Уважаемый господин коллежский советник!

Магистр Кастрен, должно быть, написал Вам обо всем, что можно было сообщить о нашей поездке в Инари и в Норвегию к Стокфлету. После написания письма мы пробыли еще пару недель в Инари. Оттуда через Паатсйоки и Суоникюля (Сюнгел) мы отправились в Колу, где и живем уже несколько недель, обучаясь русскому языку, без знания которого трудно обходиться в русской Лаплан­дии. Отсюда мы наведывались в ближайшую лопарскую деревню Кильдин, но пробыли там недолго, потому что тамошные люди, как нам показалось, избалованы соседст­вом с Колой, кроме того, они уверяли нас, что их говор не отличается от говора Мааселькя (на севере Имандры), куда мы собираемся отправиться дня через два. Лопари Сюнгел и Кильдина считают, что жители Муотка, Петсамо, Паатсйоки, Няутямё, Сюнгел и Нотозера говорят на одном языке. Но для лопарей Кильдинского, Воронинского, Лявозерского, Семиостровского и Мааселькского пого­стов общим является иной диалект. О диалекте Йокостровска и Аккала, или Бабинска, мне до сих пор известно лишь то, что он отличается от того, на котором говорят в Кильдине и Мааселькя; возможно, он примыкает к первой группе. Мне почти незнаком язык лопарей Турья[166], он либо относится к одному из упоминавшихся выше говоров, либо является еще одним диалектом русских лопарей. Что каса­ется различий этих диалектов, то теперь я уверен, что они не столь велики, как предполагал Раск. Хорошо зная один из говоров, можно за короткое время изучить особенности другого и обходиться с его помощью. Как в Кильдине, так и в Сюнгел нам пригодилось знание языка лопарей Нор­вегии, но было бы гораздо легче, если бы мы знали его получше. Для изучения финской языковой группы крайне важным явилось бы тщательное исследование диалектов лопарей России. Но даже финну, который с помощью род­ного языка лучше, чем кто-либо другой справился бы с этим, понадобится несколько лет. Следовало бы провести также подобное исследование говора Инари для того, что­бы в дальнейшем подготовить общую грамматику и сло­варь лопарского языка.

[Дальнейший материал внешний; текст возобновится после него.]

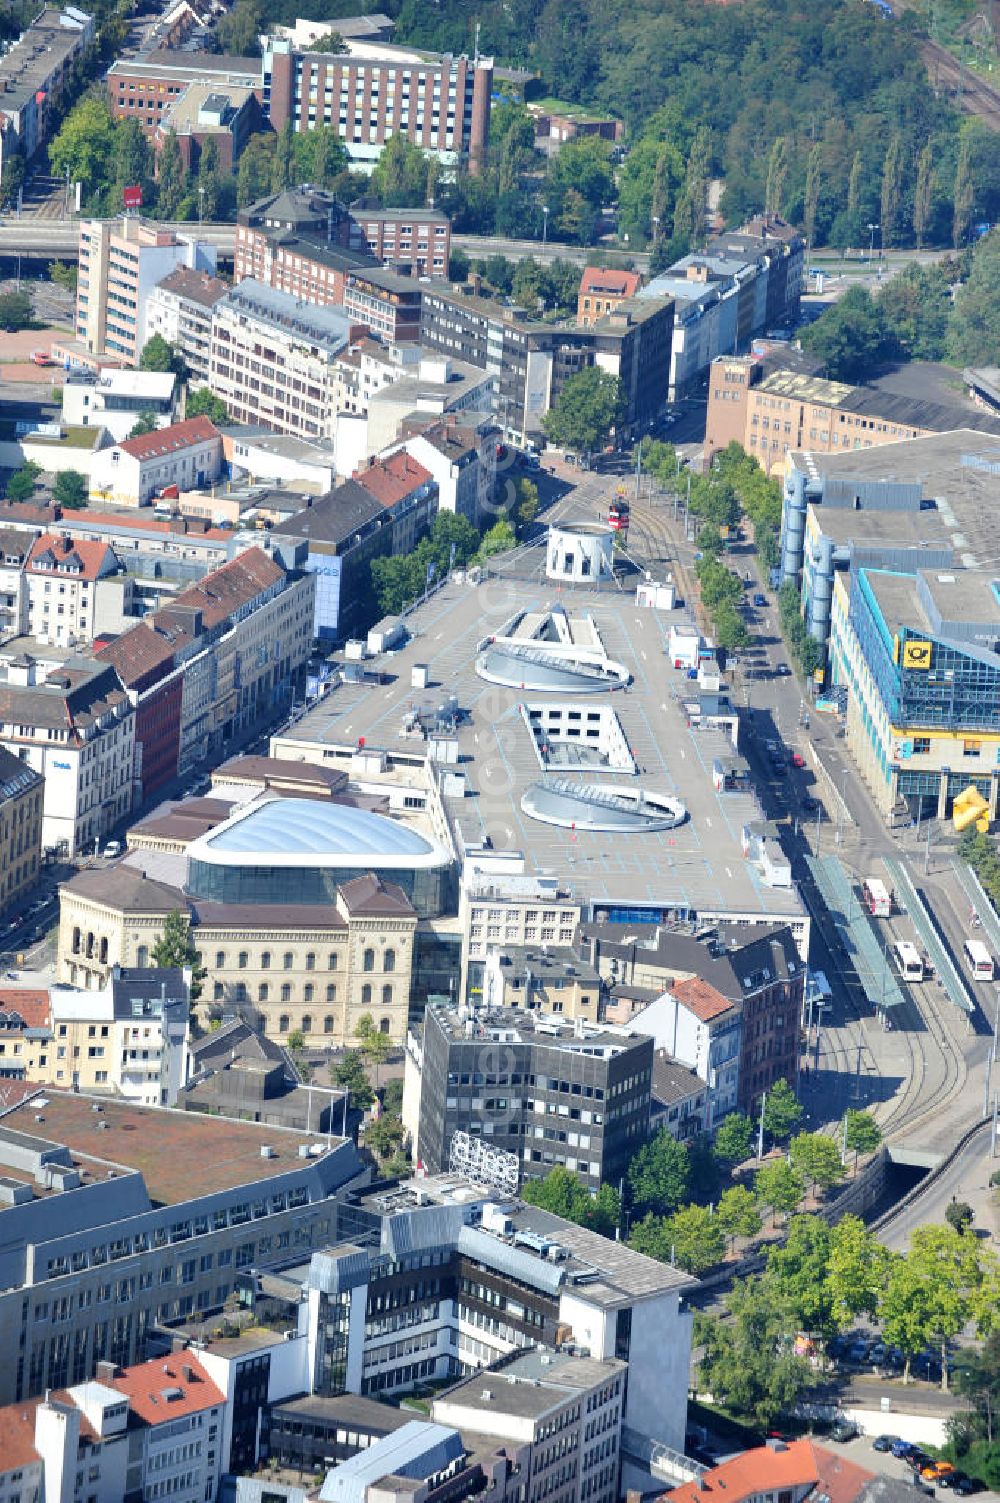 Aerial image Saarbrücken - Blick auf das Einkaufszentrum Europa-Galerie Saarbrücken am Hauptbahnhof. Betrieben wird es von der ECE Projektmanagement G.m.b.H. & Co.KG. The Shopping Centre Europe Gallery Saarbrücken.

Отсюда мы отправляемся в Мааселькя и пробудем там несколько недель, а также в Йокостров и Бабинск. После этого мы намеревались до распутицы съездить в Онегу, чтобы встретиться с архимандритом Вениамином и позна­комиться с его трудами, написанными на языке самоедов.

Покорнейше прошу Вас, если возможно, отправить мне в Онегу какой-нибудь хороший русский словарь, луч­ше такой, в котором производные и сложные слова даются рядом с основными и в котором отмечены ударения. Но хотелось бы, чтобы это был не с французским, а с немец­ким или латинским переводом либо снабженный русскими пояснениями, толковый. Кроме того, решаюсь просить Вас разыскать хорошую русскую грамматику и какой-нибудь сборник русских народных песен. Осмеливаюсь также про­сить Вас уплатить за книги, поскольку я не знаю заранее их стоимости.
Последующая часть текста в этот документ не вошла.